Robinson met his gaze with a rueful smirk. Come on, Colonel, show me just how open you people are capable of being, Knight thought.
“The president,” Robinson said, “and his national security advisor have already met with particle physicists from Fermilab.”
Knight had not heard of this in the news yet. “Fermilab. No kidding. Why?”
“Apparently,” Robinson said, and paused to sip some scotch, “these are the people who can speak to the theoretics of black holes, dark matter, super strings…or some such thing. Multiple universe membranes…I don’t know. Wherever these things might be coming from. There’s going to be a meeting of the U.N. about all this. They’ll be bringing in more scientists from Europe. Their brainiacs from CERN. People working their particle accelerators.”
“Multiple universe membranes?”
“I guess they think the globes are coming from some alternate dimension…I don’t know. But that’s why they’re getting the top people in the world together.”
Knight turned that information over in his head and realized he didn’t know what to think of any of it. Physicists looking at this made sense, but…. “Well, like I said, I’m flattered and all, but do they think I can contribute to alternate-dimension theories?”
Robinson gave him a long, probing look before replying. “Can you? Or since you’re an anthropologist, can you contribute to communicating with whatever’s on the other side? Inside the alternate dimension? Whatever sent these things over?”
Knight noticed how Robinson’s look and tone sharpened as he spoke. There was a challenge in his words.
But Knight wasn’t sure what an answer to that question might be. “Well,” he said, knowing he had to choose his words carefully to come off sounding halfway intelligent…or to avoid sounding completely deluded and pathologically self-important. “I guess I wonder if whatever sent those the globes really wants to communicate. Or even cares what we have to say.”
Robinson averted his gaze for a moment. “Yeah,” he said very slowly. “Truth is…I wonder about that too.”
The distant look in Robinson’s eyes made Knight wonder about a lot of things. His thoughts, for one, skipped to his own family. For a second he considered his two ex-wives. They were, no doubt, frightened by the phenomenon. Amy and Margot were both just that type. They must have been holed up in their homes right now and living in fear, he was certain. They had to be looking at these globes as the harbingers of the worst. He thought about his daughter and his grandson in San Antonio, too. The sad truth of it was that Knight just couldn’t be sure how they were reacting to all this. It had been that long since he had been in touch with them. He just didn’t…didn’t know them well enough to guess.
“I wonder what I would say to it,” Robinson’s voice startled him. The voice was dry, subdued, but not weak. It came from someplace cavernous and dark.
I bet you do, the thought ran through Knight’s mind. All the while, he consciously kept his gaze from drifting back toward the picture of Sarah.

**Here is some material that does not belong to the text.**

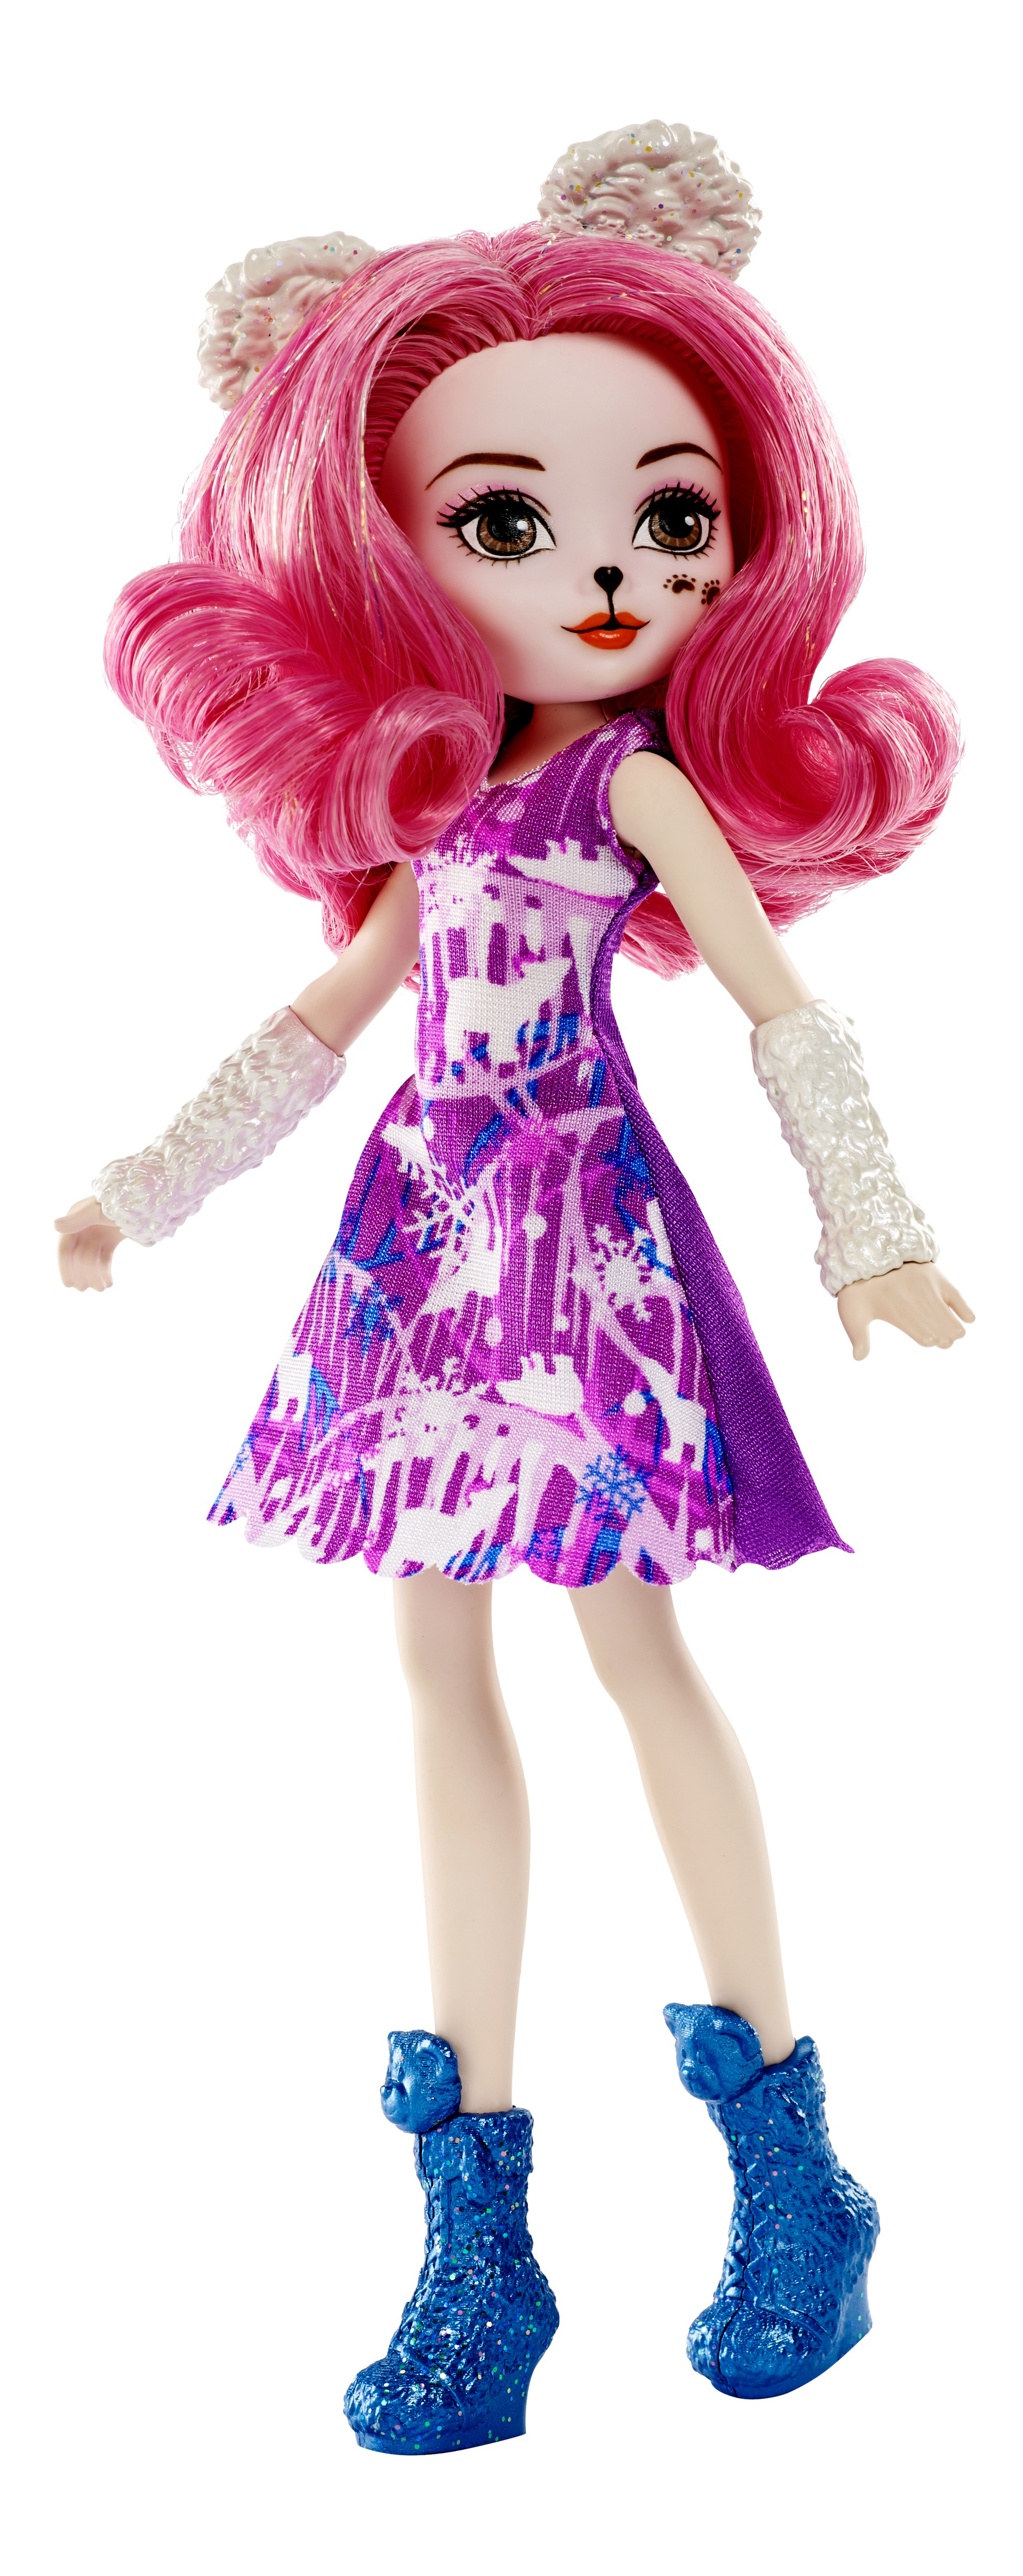 Купить Кукла Ever After High Заколдованная зима DNR63 DNR65, Куклы

Would you want to say anything at all? Or just use whatever the air force has to blow it the hell back to where ever it came from? Blow it back in pieces.
Robinson shook his head ever so slightly. “Fact is, whatever sent those damned globes did it for some reason.”
“Yeah,” Knight said simply, leaving it as neutral as possible.
“Maybe we’ll get a chance to ask it.”
Knight nodded and finally spoke when he felt he had his thoughts and his words for them in just the right order. Then, for good measure, he took a sip of the scotch to fortify himself. “Colonel. Look, I gotta ask you something and you need to be straight with me. Since I’ll be this…what? Air force…consultant?”
Robinson simply raised an eyebrow in reply.
“Like I asked before. What do you people know about any of this? Are those globes really the first ones anyone’s ever seen?”
Without his expression changing much, Robinson nodded his chin toward the window. “What? Like those people out there? Is that what you’re asking me? Are we running some cover-up? Conspiracy? Did we get the globes from Roswell?”
“Roswell,” Knight said, and chuckled. “OK. Just like all those people out there. The conspiracy, New-World-Order-nuts. That’s what I’m asking. Is there any truth to any of the Roswell, Area-51, dead-alien-bodies stories? Do you people know what this is all about?”
8.
(Las Vegas Review Journal)…Nevada Senator Brandon Markwell called for a vigorous investigation of the globe phenomenon and the creation of a special Congressional subcommittee to make sure no part of the findings are kept from the public.
“The unfortunate situation since the start of this phenomenon has been a breakdown in the people’s trust in our public institutions,” Markwell said. “We need to be mindful of the national security implications of these objects appearing out of nowhere, on military bases like in San Diego, and the American people need to know what is being done to study this matter. What is being done to keep them and the country safe?”
Opinion polls, however, show a considerable percentage of Americans do not believe any type of government or military-led efforts to find the origin of the globes will be successful. Fifty-six-percent of the people, according to a Marist poll, believe the origin of the globes will not be found at any point soon. Thirty-five-percent say the government already knows more than it is admitting to.
“This fixation the public has with conspiracy theories is very troubling,” Dr. Bentley Covington, a professor of communications at the University of Southern California, said. “It’s not that our government is perfect, or that the military or big business and big corporations have not abused their power in the past. But believing that they could be behind something like the globe situation is giving them way too much credit.”
Covington also agrees with Markwell that the public needs to be reassured that any efforts made to study the globes will be done honestly and openly.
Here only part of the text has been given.